Bruce A Johnson | 07/08

Massachusetts Says No

As a state employee (my day job is with Wisconsin Public Television) I pay fairly close attention to the biennial Wisconsin state budget.  Aside from the parts that directly affect me (I’m getting 16 unpaid furlough days in the next 2 years, as are all state employees), there are usually other items of interest.  Two years ago Wisconsin installed, with great fanfare, a fairly generous tax rebate as an incentive to lure filmmakers to the Badger State.  The program had one large taker, the Johnny Depp film “Public Enemies,” directed by UW-Madison grad Michael Mann.  There is a great synopsis of the debate in the Milwaukee Journal Sentinel, but basically it seems that NBC Universal (“Public Enemies” production company) got back pretty close to every buck they spent in Wisconsin (depending on who you ask.)  In the new state budget, Governor Jim Doyle scaled the program back to a maximum expenditure of $500,000 per year.  Of course, he was facing a $6 billion budget deficit, so just about everything was fair game (see “furlough days” above.)

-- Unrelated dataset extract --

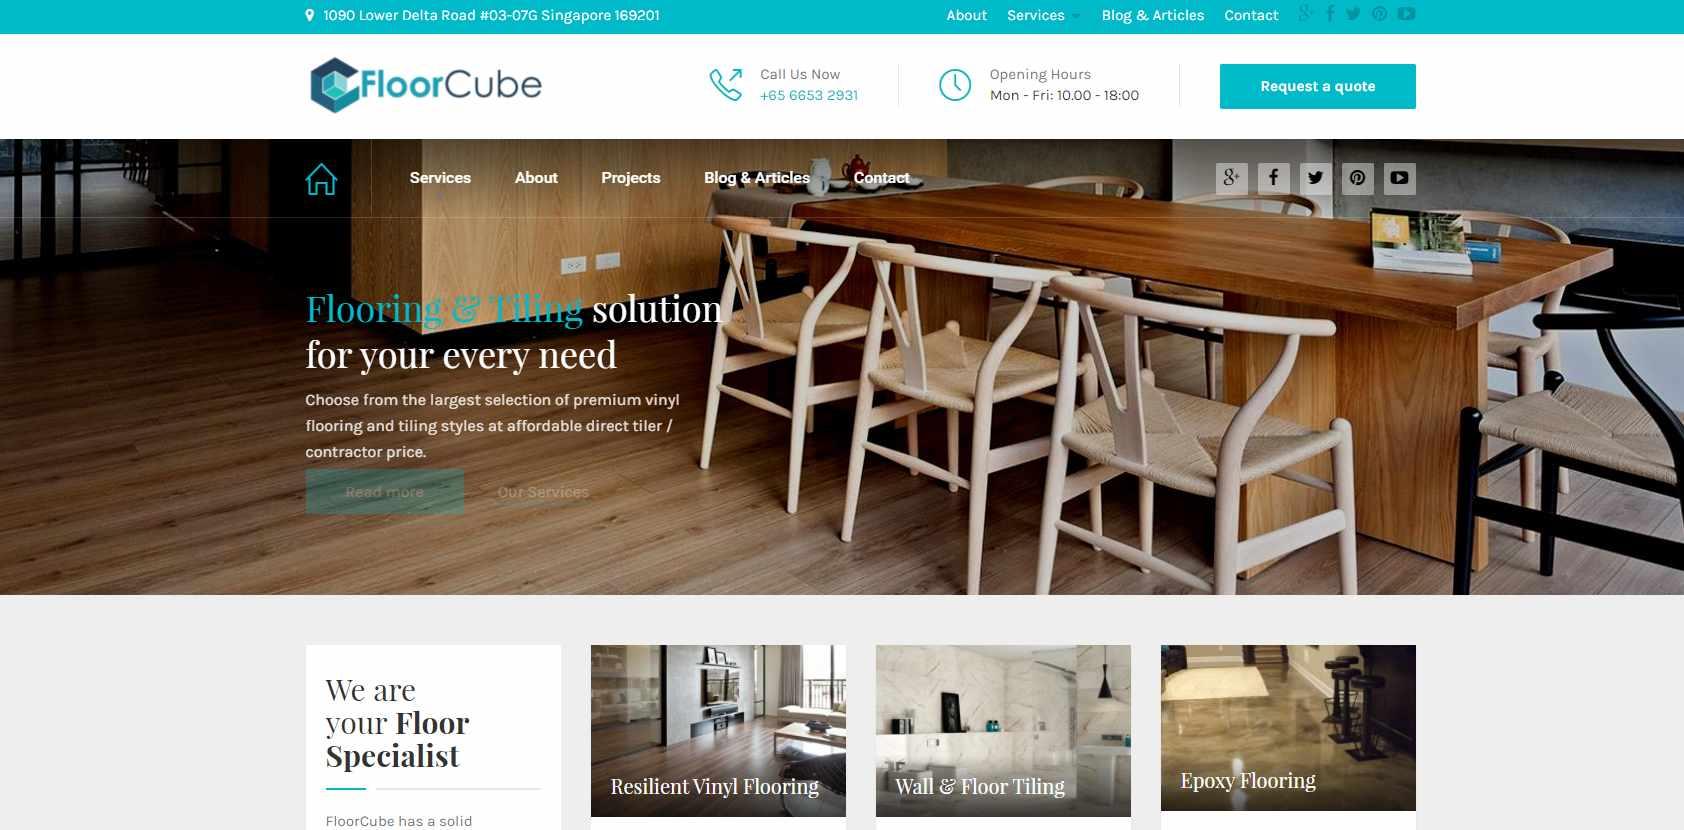 floor cube Top Epoxy Flooring Provider in Singapore

Now we find news of yet another state that has found the benefits of a film tax credit to be illusory at best.  This article from Deadline Daily spells out the Bay State’s situation pretty clearly.  FTA:

Massachusetts lost $95.5 million last year, and is on the hook for another $250 million over the next two years, because of film tax breaks. The Bay State also has to make good on up to $130 million in tax credits in the coming fiscal year, and $117 million in the next, at a time when the state is facing a revenue free fall.

Wow. Makes the Wisconsin situation look tame by comparison.

So what do you think?  Should states be in the business of bribing production companies to come to town for jobs that, if not imported from California, tend to be short-term?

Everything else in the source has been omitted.